Ragged Glory is also the essential album to listen to on a long country drive, disturbing the cattle and the small towns on the way! The leadoff track on the CD "Country Home" is obviously well-suited for the aforementioned type of drive. "White Line" has an excellent driving riff and is a very concise song, almost ending prematurely, kind of like Stone Temple Pilots "Interstate Love Song" four years later.
"F*!#in' UP" is my favorite track on Ragged Glory. It is the most aggressive song on the album lyrically and musically. It's an understatement, but this song kicks serious a**. The title itself prevented it from major airplay, but changing or editing that would be a grave injustice. "Over And Over" has a killer melody, a great chorus and the guitars keep on rocking.
"Love to Burn" is a ten-minute long opus that seriously rocks. It will hold your attention the entire duration and at the same time may cause to you look deep inside yourself on what you want and need out of love and out of life.
The bouncy "Farmer John" snaps you out of that, I think of a comely, natural, well built county girl almost every time I listen to it. "Mansion on the Hill" is the track that garnered the most radio airplay at the time. The second ten-minute opus is "Love And Only Love".

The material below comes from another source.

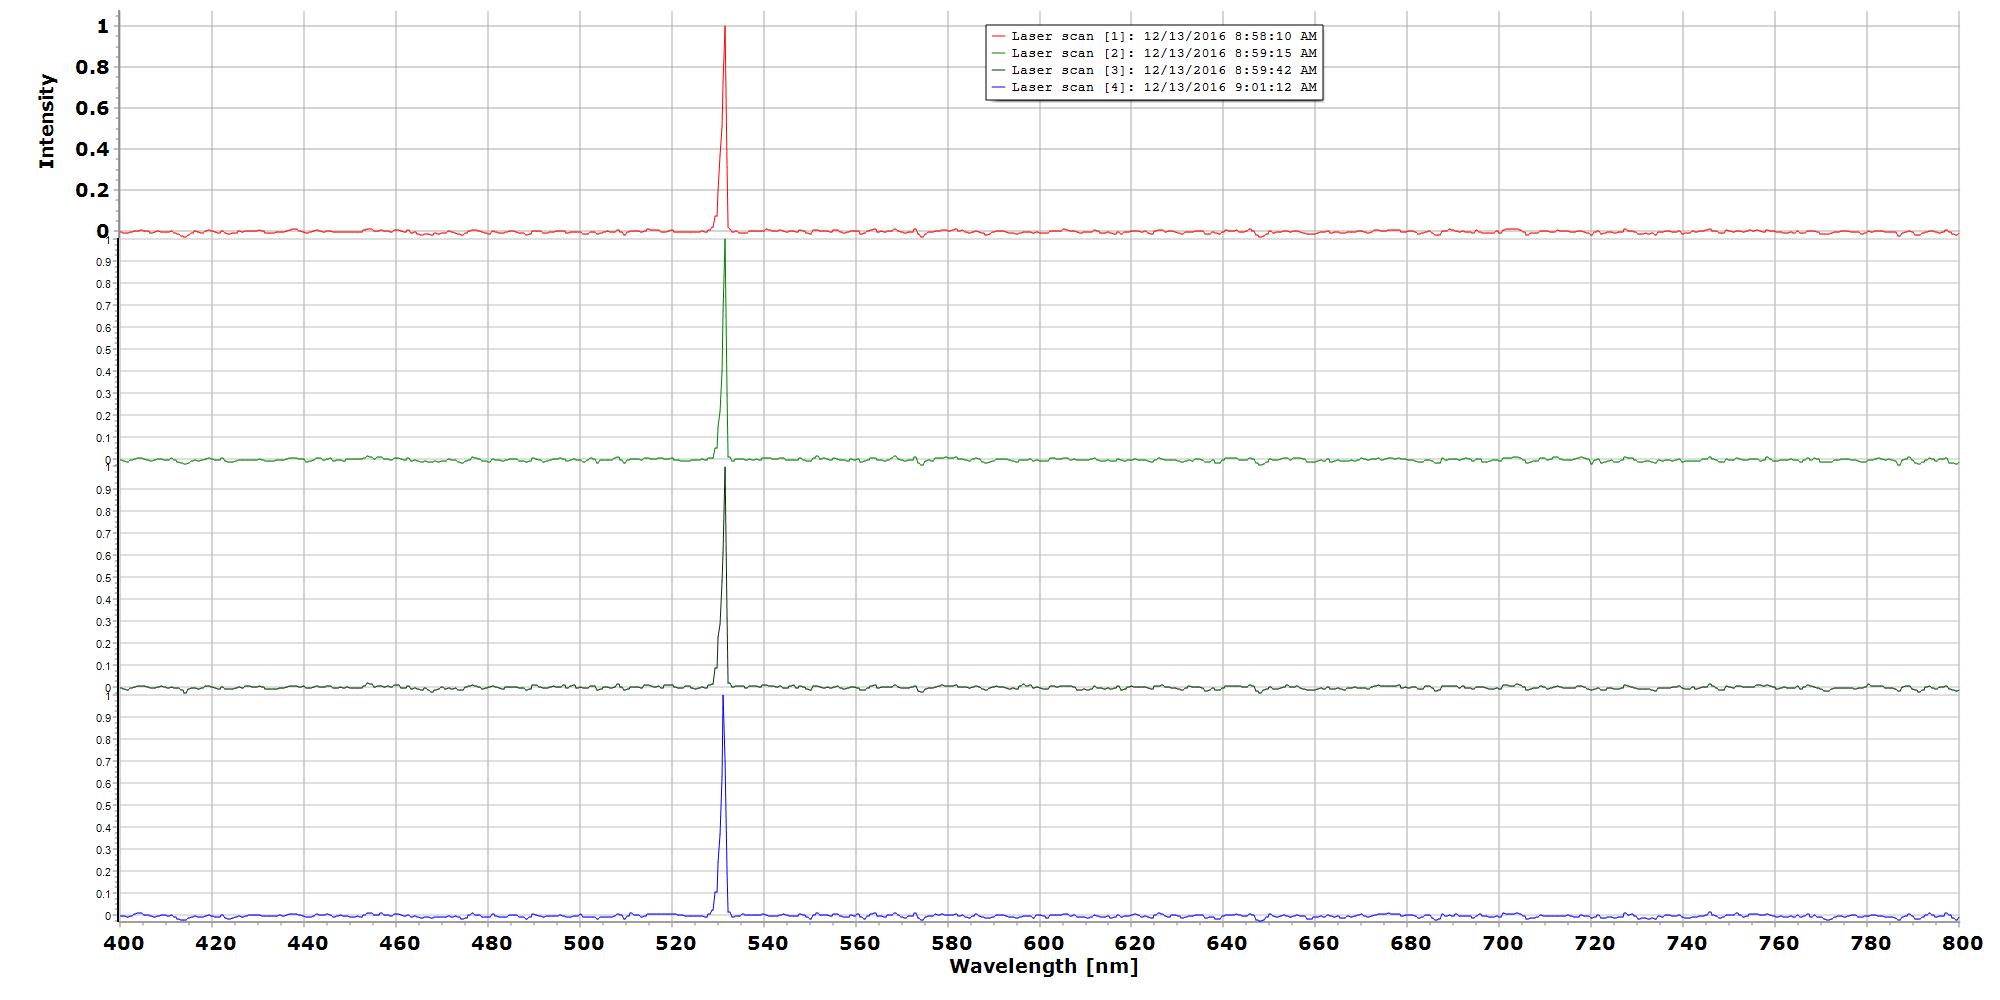 Dav5 V301 Raman Spectrometer Details Voltage Converter 3v To 5v Using Max660 150mw Aries Dpss Laser 532nm

The only downer is "Mother Earth" I respect the message Neil is trying to make with this track, but it is completely subpar and totally out of place on the CD, unfortunately, it practically rescues the CD from near perfection. It is a totally expendible track.
This album may have prepared me somewhat for 1991-92 grunge explosion. I was beginning to gravitate towards rawer, grungier rock at the time, not to replace the more polished hard rock or progressive rock that I was listening to but to compliment it. While Neil Young's "Godfather Of Grunge" title is obvious and a little overused now, Ragged Glory helped me welcome the sounds of Nirvana, Soundgarden & Pearl Jam with open arms.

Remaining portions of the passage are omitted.